No longer feeling the need to live up to the pop diva status that she had been tagged with early in her career (including frequent comparisons to Sheryl Crow, Janis Joplin and Joe Cocker), or to prove with every note the incredible range and power of her voice, Marshall has actually turned down the volume, tuned out the critics and had fun with this album.

"I don't feel I have to prove anything," says Marshall, who co-wrote all 12 tracks on the disc. As a result, "the album sounds more like the way I talk."

In the past, Marshall says she sometimes let her drive to be pitch-perfect and poetic get in the way of a good song. "My tendency as a writer has been to try and figure out the more flowery way to say things," she admits, adding that one of her main goals was to bring some of the spontaneity of her live performances to the record.

"This just came off the top of my head. It sounds like what I was thinking at the time without over-thinking. It feels very much like a conversation I'd have. The flow of it feels right in that it came in a very natural way."

To help create that off-the-cuff feel, Marshall wrote most of the songs in the studio as she was recording. She also enlisted the help of producers Peter Asher (James Taylor, Linda Ronstadt) and Billy Mann (Diana King, Art Garfunkel).

"One of the things that makes it sound lyrically as hip as it is, is whenever our conventional instincts told us to go left we went right," she says. "When a choice became obvious we tried to go against it and say something different, take a twist on something," like on Brand New Beau.

Everybody's Got a Story also relies on New York DJ Molecules for the hip urban rhythms on many of the tracks.

"The feel of the record is based on the fact that all of the songs were constructed around these beats, so the groove -- this thumpa-thumpa-thumpa -- is really prevalent, and we'd just play around with things, like a craft project at summer camp," she says.

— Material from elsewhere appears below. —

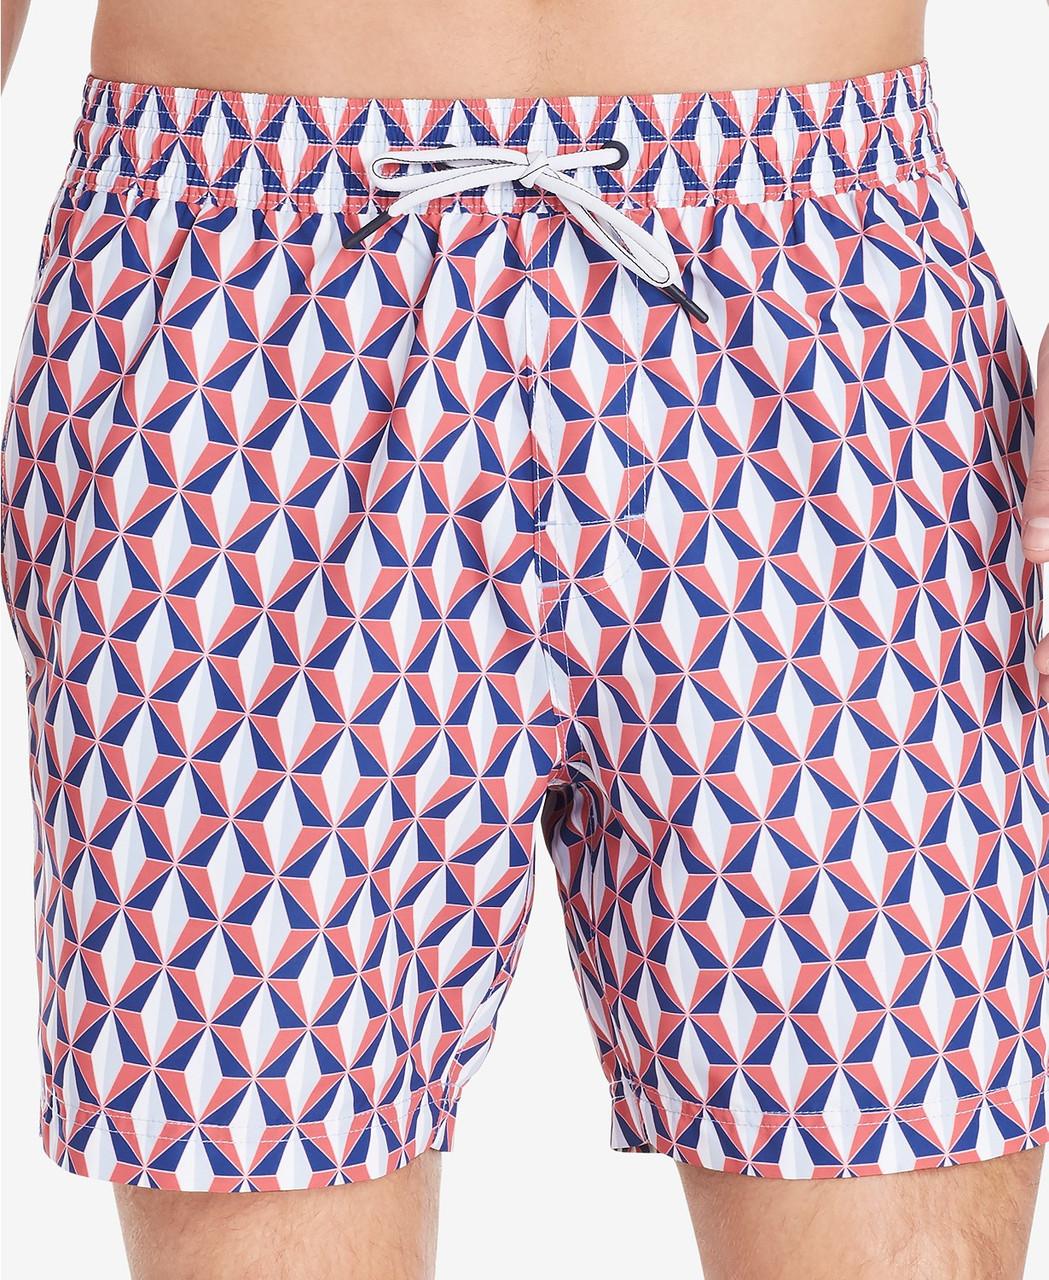 Tommy Hilfiger мужские плавательные шорты - Е2

"And Peter Asher brought a really classic feel to the music," she continues, likening him to her own personal Obi-Wan Kenobi. "Billy and I were free to just play in the studio and turn knobs and see what would happen, and he was able to bring it back to fit the overall tone of the album."

A perfect example is Sunday Morning After, Marshall's first party song and "something people can dance to and just have fun." It was written at the end of a particularly gruelling 18-hour recording session in which everybody was a little punchy.

"Peter, Billy and myself were just trying to make each other laugh and out came this string of ideas about the worst morning after ever," she says. The lyrics evolved from there as the trio joked about the possibilities: "First she wakes up, she's got a tattoo, her tongue's pierced too, and we needed another 'ooh' rhyme and 'who the hell are you?' just fit.

"The implication in the song is that I got loaded and woke up with someone I don't know," Marshall continues, laughing at a punchline she has yet to deliver. "The funny thing is I don't drink."

That's too bad. Everybody's Got a Story is receiving critical kudos across the board. It's nearing platinum-level sales in Canada after just a couple of weeks in release. A North American tour in support of its February release in the United States is in the works for early in the New Year. So Marshall has a lot to celebrate.